The extension of this rule is pretty simple. Speak truth plainly, even when it works against your side. Politics is not poetry. Civil government is not poetry. The philosophical underpinnings of republican forms of government are not poetry, nor is journalism or intelligence reports or definitions of illegal behavior. They need to be made plain. The poet wants us to work to infer meaning from the poem; our different lives bring different meaning to the experience of the poem by different people. The meaning changes because it’s meant to, but that is for a specific context. To try to apply those rules outside of that context is the death of meaning. When necessary, speak truth plainly, and if someone is not, then the “deconstructionists” taught us to look behind the speakers’ words for their intentions. That has never been more important than now in this country.

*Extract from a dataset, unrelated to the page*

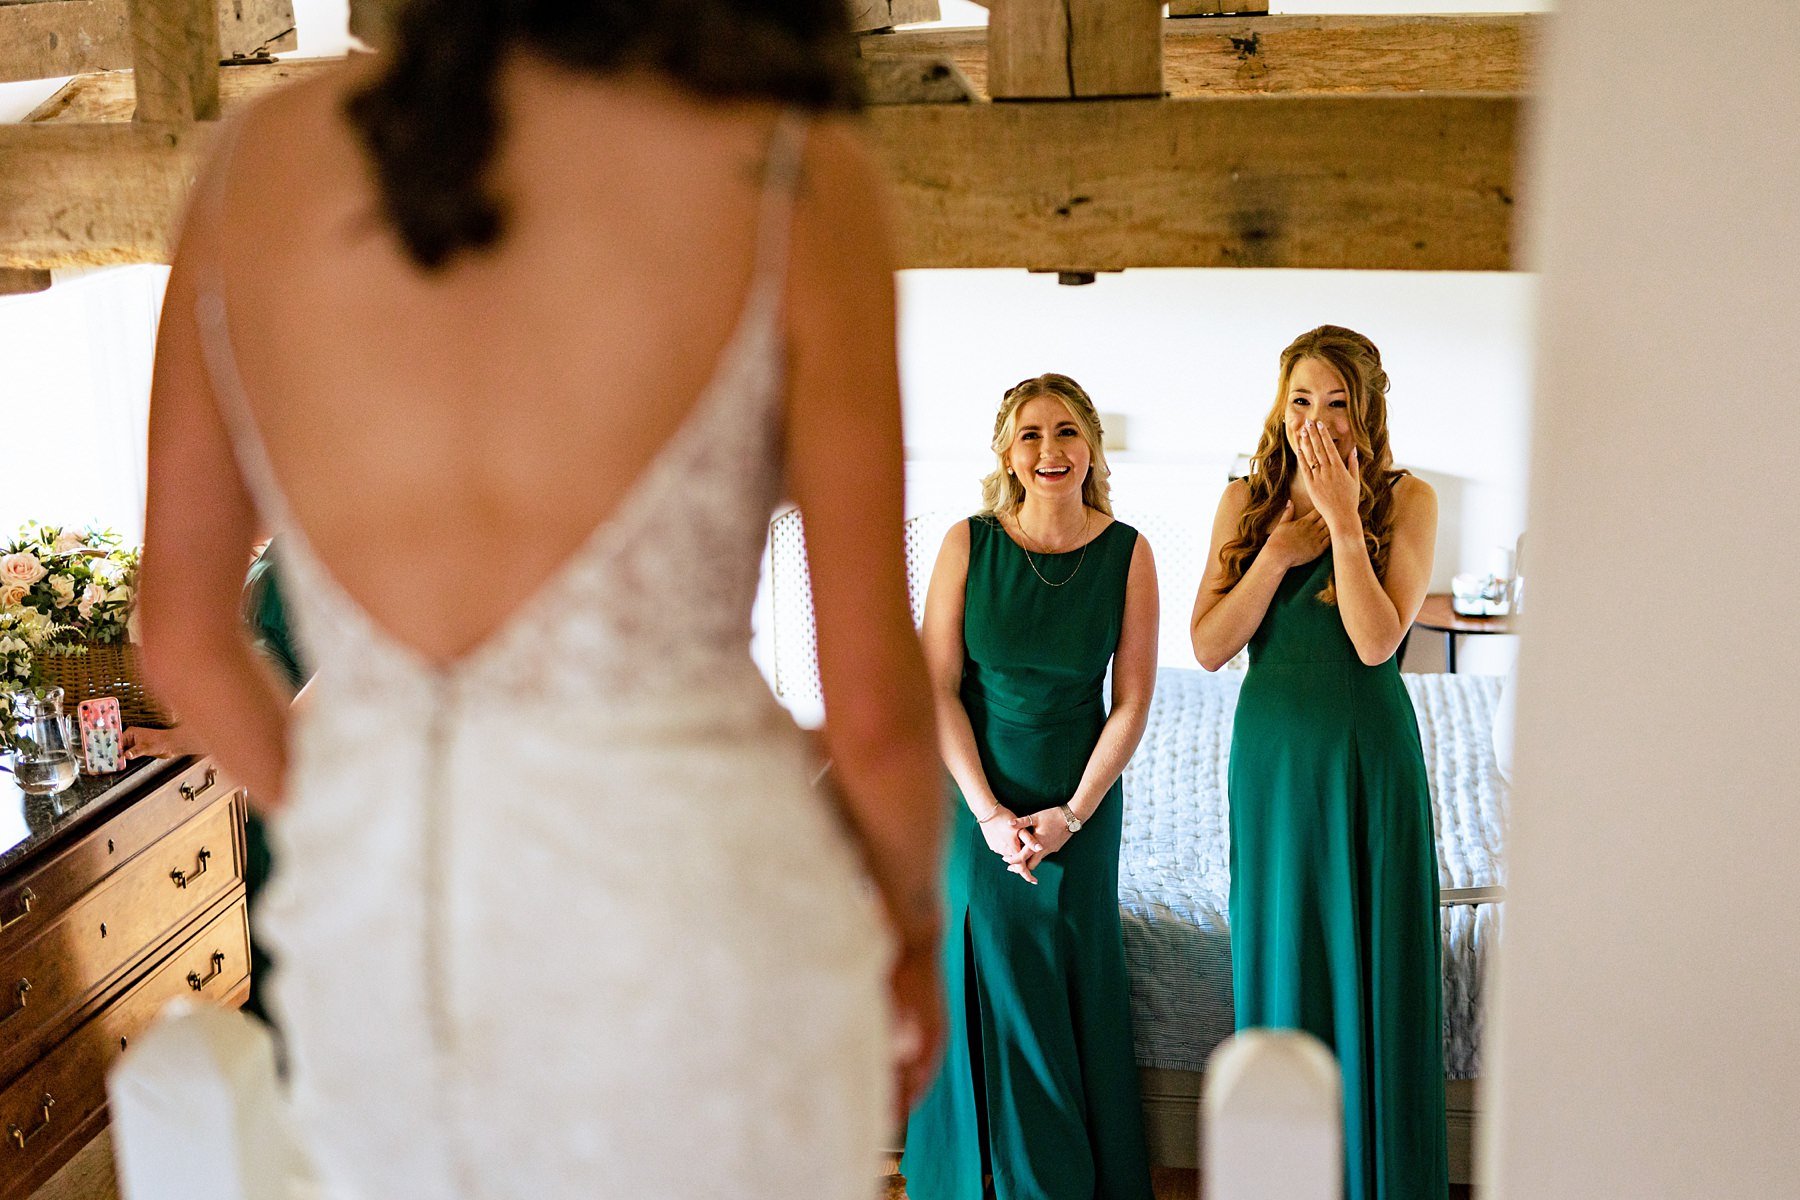 A bridesmaid smiling covering her mouth in excitement as she sees her friend in her wedding dress just before her wedding
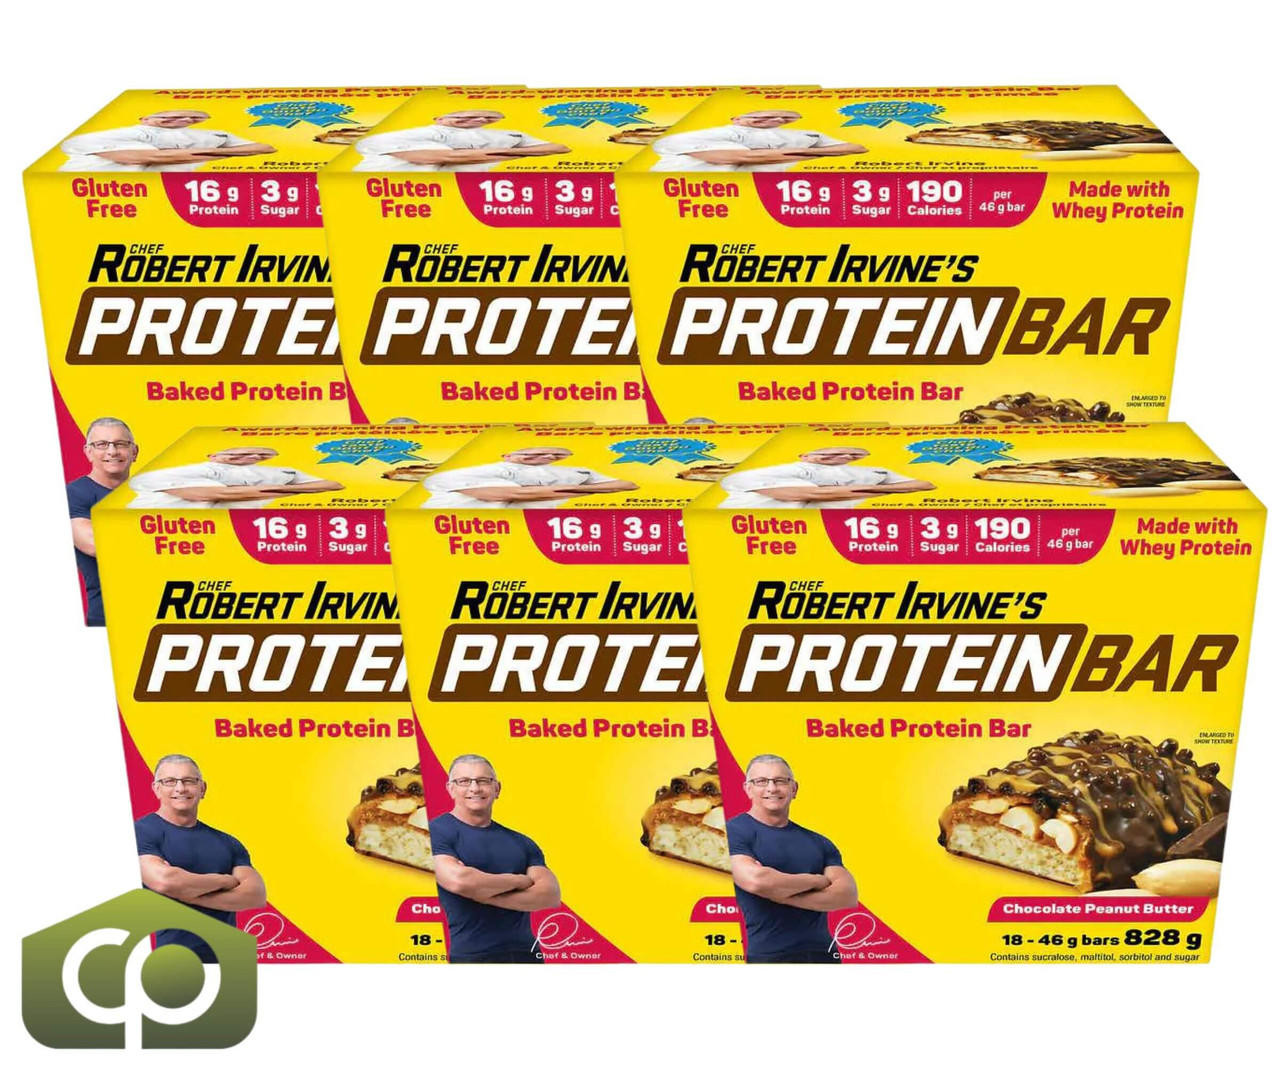  Chef Robert Irvine's Baked Protein Bars, Chocolate Peanut Butter 46g (6/Case)

If you can’t say hebephile (Roy Moore) with a straight face, if you can’t call a predator a predator, if you can’t not vote for a demagogue because your weak faith in God leads you to distrust God with SCOTUS, if you will call evil good, if you will insist that one man whose ideology is different than yours is evil but a lecher and robber baron is a lower-case messiah, then you are liar. Your speech is not plain. Your truth is not manifest. You are following an ideology, not that ignoramus of a savior who might just have believed in your ethical potential. The only way back from the edge of the cliff is to return to speaking the truth, even when it cuts against your personal politics and preferences, and that this is where we are with American Christianity—that we have to say “you should love the truth”—means that the cruciform life is as dead a concept in churches as it has ever been.